Signing Ceremony of IDPP for the ASEAN Region

The World’s First Institute on Disability and Public Policy Established

The participation of visually or hearing impaired and physically handicapped people in society is far behind in Japan and in Southeast Asia.

The Nippon Foundation has continued efforts to provide the handicapped people with opportunities of tertiary education with a hope of making them leaders in their own countries.

Steady work has been carried out in the form of a variety of different projects, in different countries. Namely, the establishment of scholarship funds at Gallaudet University, the world’s most distinguished university for the deaf and Rochester Institute of Technology, both in the United States. Also cooperation in the enactment of the [Disability Law] for the improvement and enrichment of deaf education in Vietnam, as well as creating sign language dictionaries in different languages and training human resources in partnership with the Chinese University of Hong Kong.

In recent years, the efforts of all stakeholders have come to bear fruit. In Japan, at long last, cabinet decision was made to acknowledge sign language as official language, and sign language interpretation is now provided at press conferences held at the Prime Minister’s Office. To come to think of it now, perhaps the article I wrote in the Asahi Newspaper on December 2, 2010 suggesting as an issue that “ the Japanese sign language be acknowledged as official language” might have been of some help in realizing the success we have achieved.

Through my long years of fighting a battle to eliminate leprosy and the discrimination that accompanies it, I have always held the conviction that the affected people are the stakeholders and the main actors in this fight. Therefore there was an urgent need to create an organization through which they would be able to place themselves in the frontline of the battle, and, at the same time, a need to nurture able people as resources.

So it is with the issue of people with handicap. In order to solve the problem, their active voice and action are the key factors, and it is absolutely necessary to nurture future leaders from amongst the people with disabilities.

With the great endeavor of Mr. Shuichi Ohno of the Nippon Foundation, a unique institute offering graduate courses has come to be established in Singapore.

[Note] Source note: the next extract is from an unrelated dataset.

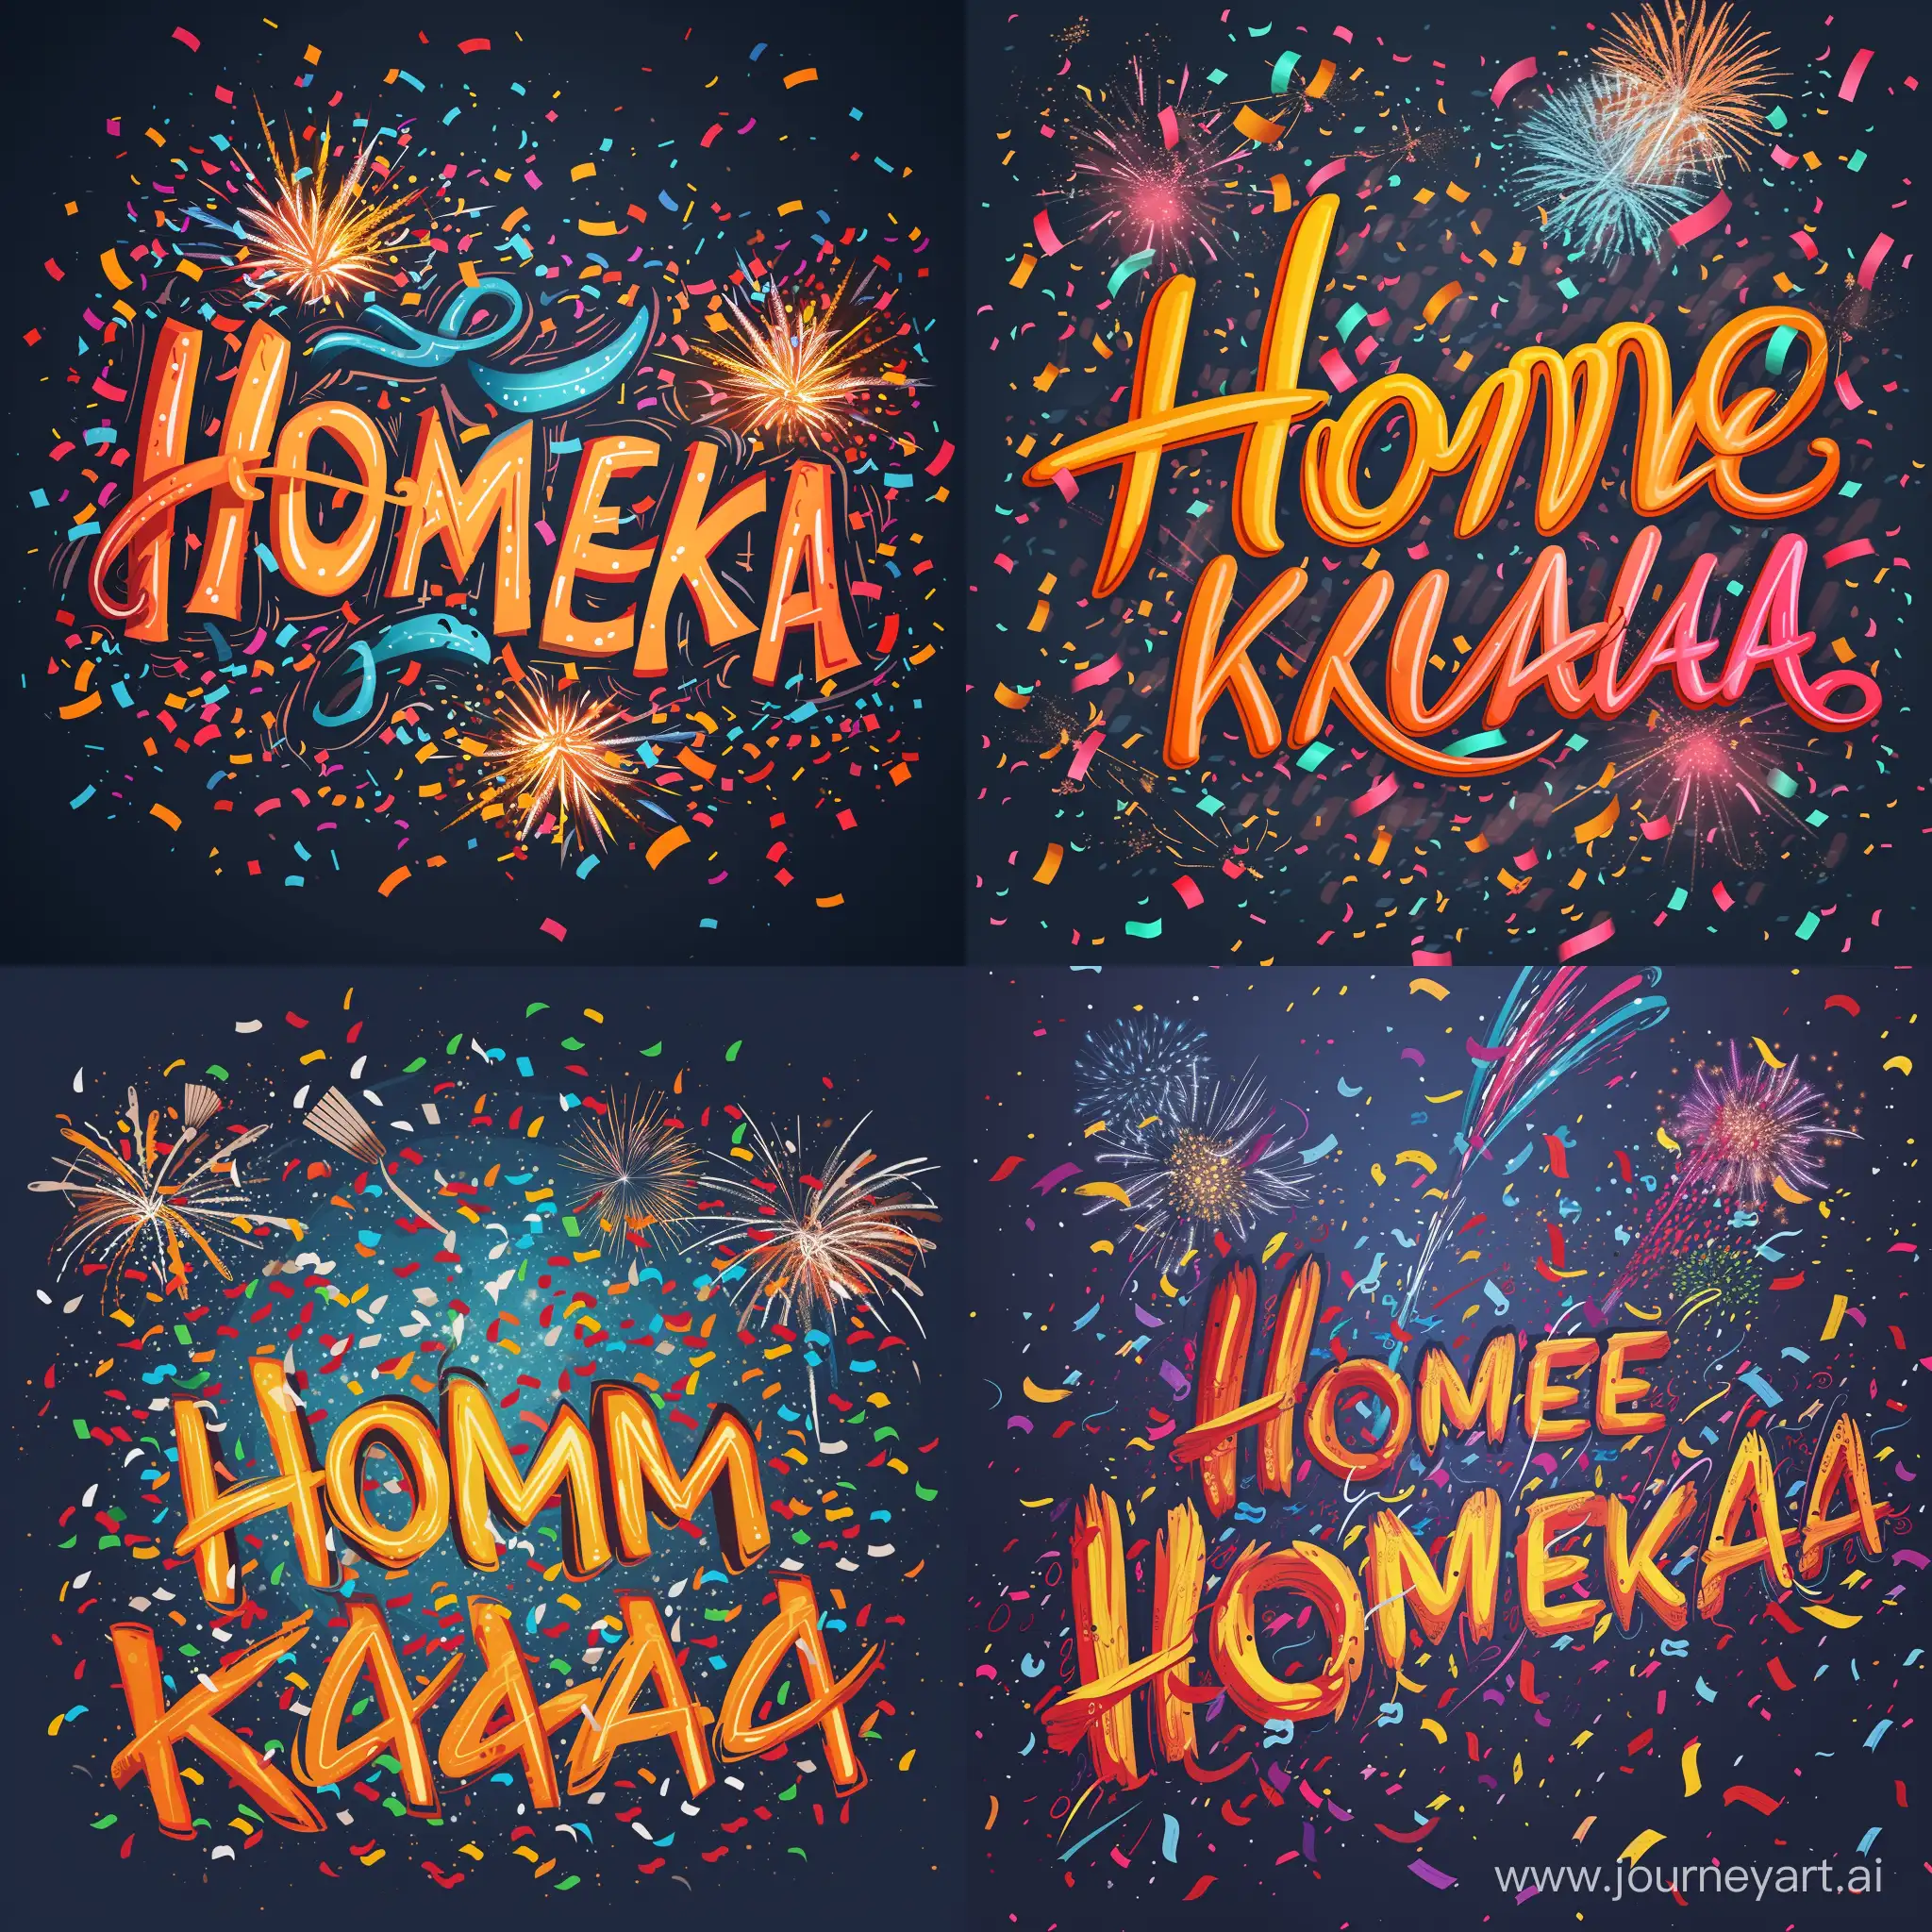 "HOMEKALA" in script calligraphy, surrounded by confetti and fireworks. Typography.

According to the United Nation Economic Social Commission for Asia and Pacific, out of the total of 650 million people with disabilities worldwide, 400 million live in the Asia Pacific region where hardly any necessary measures were put into place for their benefit, including even those who have been victims of the Vietnam War and the Cambodian Civil War.

This new institute is a cyber-based organization. The objective of this Institute is to provide an education in public policy so that in the future persons with disabilities themselves would be able to educate talented resources that can play an active role in public policy in each country. It is the world’s first master’s program of public policy for the disabled people in the world. Classes will start in July of this year with the core collaborators who are Mahidol University in Thailand, Rochester Institute of Technology in Rochster, NY, the American University School of International Service in Washington DC, The Lee Kuan Yew (LKY) School of Public Policy at the National University of Singapore, and The National Technical Institute for the Deaf.

The capacity of students is 25. The Nippon Foundation will bear the total cost of travel and tuition for 15 students with disabilities from ASEAN countries.

The ASEAN Secretary-General、Dr. Surin Pitsuwan has high expectations for the success of IDPP and we are all committed to dedicating ourselves with passion and hope that it will be instrumental in solving the problems confronting the people with disabilities who are liable to be forgotten in the economic development that Southeast Asia is currently enjoying.

************************************************************


ASEAN IDPP Signing Ceremony Address

April 4, 2011

First of all, I would like to take this opportunity to offer my sincere gratitude for the concerns and support extended by our friends from around the world. Since the great earthquake struck Japan on March 11, we not only received kind words of sympathy but also large sums of donations. These countless heart-warming gestures of support have tremendously encouraged the Japanese people who are desperately trying to recover from the disaster.

To help reconstruct damaged regions of Japan, the Nippon Foundation has launched a disaster relief fund with emphasis on providing assistance to those to whom public support is not easily available, such as the elderly, people with disabilities, foreign citizens and children who have lost their parents. It often happens in state of emergency, like natural disaster, that support inevitably is given first to the majority groups and that attention to minority groups such as people with disabilities are apt to fall behind in time. I believe that it is of critical importance that the people with disabilities themselves be involved actively in the process of drawing up policies that positively impact their way of life. They must be the main actors as they are the ones that know best and are the owners of the issues that need to be solved.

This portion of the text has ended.